4.3 If the Grantee fails to pay for any of the Option Shares specified in
such notice or fails to accept delivery thereof, the Grantee's right to purchase
such Option Shares may be terminated by Company. The date specified in the
Grantee's notice as the date of exercise shall be deemed the date of exercise of
the Option, provided that payment in full for the Option Shares to be purchased
upon such exercise shall have been received by such date.
SECTION 5. ADJUSTMENT OF AND CHANGES IN STOCK OF COMPANY
In the event of a reorganization, recapitalization, change of shares, stock
split, spin-off, stock dividend, reclassification, subdivision or combination of
shares, merger, consolidation rights offering, or any other change in the
corporate structure or shares of capital stock of Company, the Committee shall
make such adjustment as it deems appropriate in the number and kind of shares of
Stock subject to the Option or in the option price: provided, however, that no
such adjustment shall give the Grantee any additional or reduced benefits under
the Option.
SECTION 6. NO RIGHTS OF STOCKHOLDERS
Neither the Grantee nor any personal representative shall be, or shall have
any of the rights and privileges or, a stockholder of Company with respect to
any shares of Stock purchasable or issuable upon the exercise of the Option, in
whole or in part, prior to the date of exercise of the Option.

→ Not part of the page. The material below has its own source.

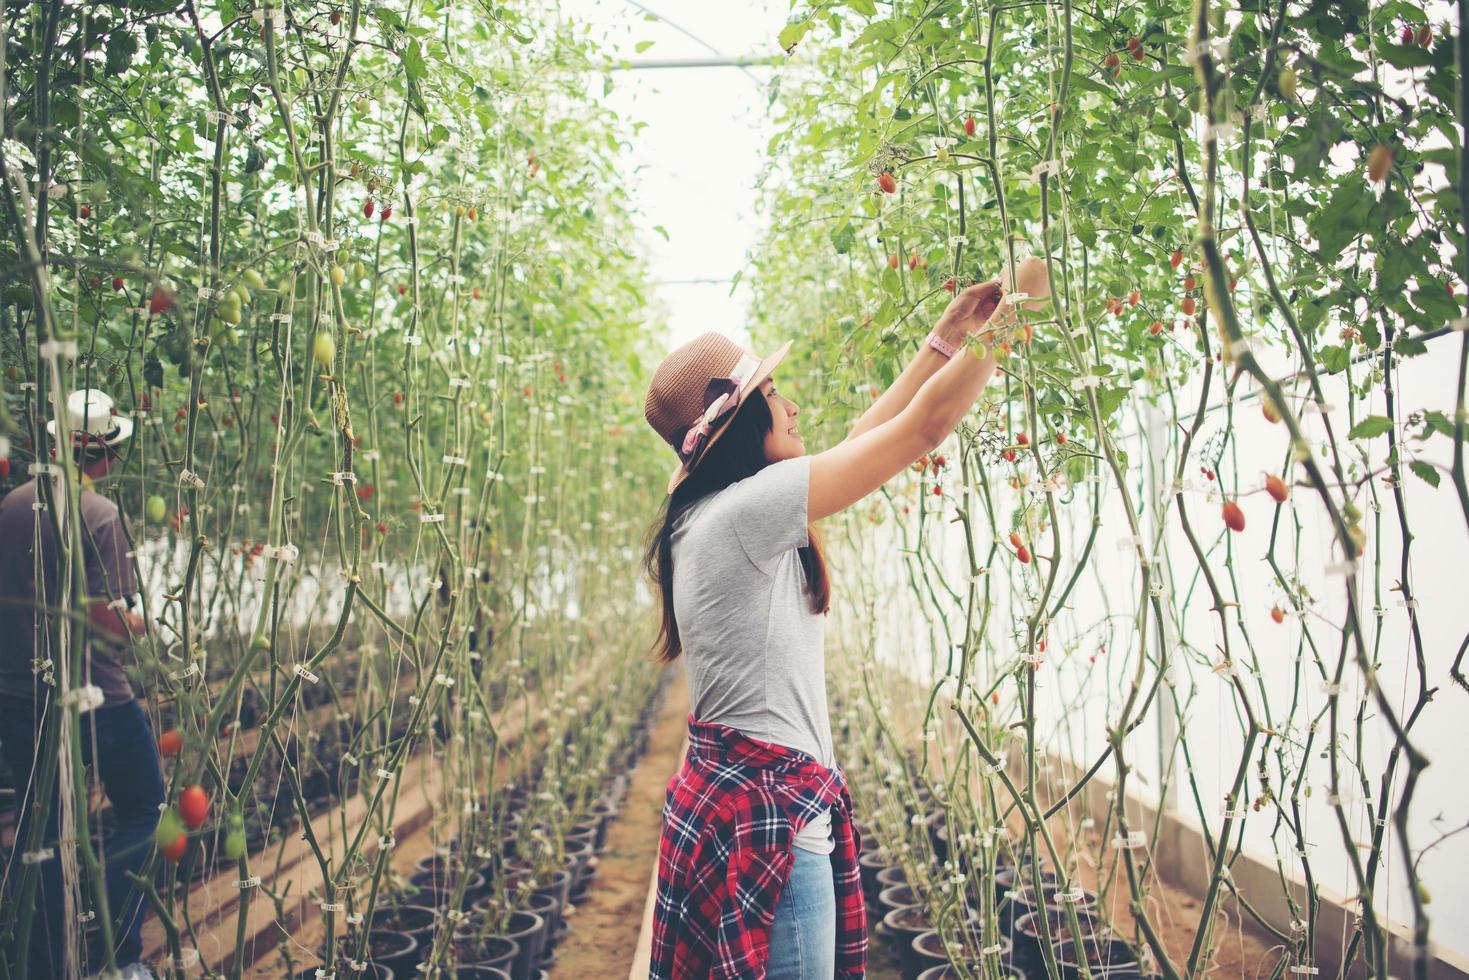 giovane donna in una serra con raccolta di pomodori biologici foto

SECTION 7. NON-TRANSFERABILITY OF OPTION
During the Grantee's lifetime, the Option hereunder shall be exercisable
only by the Grantee or any personal representative, guardian, conservator or
legal representative of the Grantee and the Option shall not be transferable
except, in case of the death of the Grantee, by will or the laws of descent and
distribution, nor shall the Option be subject to attachment, execution or other
similar process. In the event of (a) any attempt by the Grantee to alienate,
2
<PAGE>
assign, pledge, hypothecate or otherwise dispose of the Option, except as
provided for herein, or (b) the levy of any attachment, execution or similar
process upon the rights or interest hereby conferred, Company may terminate the
Option by notice to the Grantee and it shall thereupon become null and void.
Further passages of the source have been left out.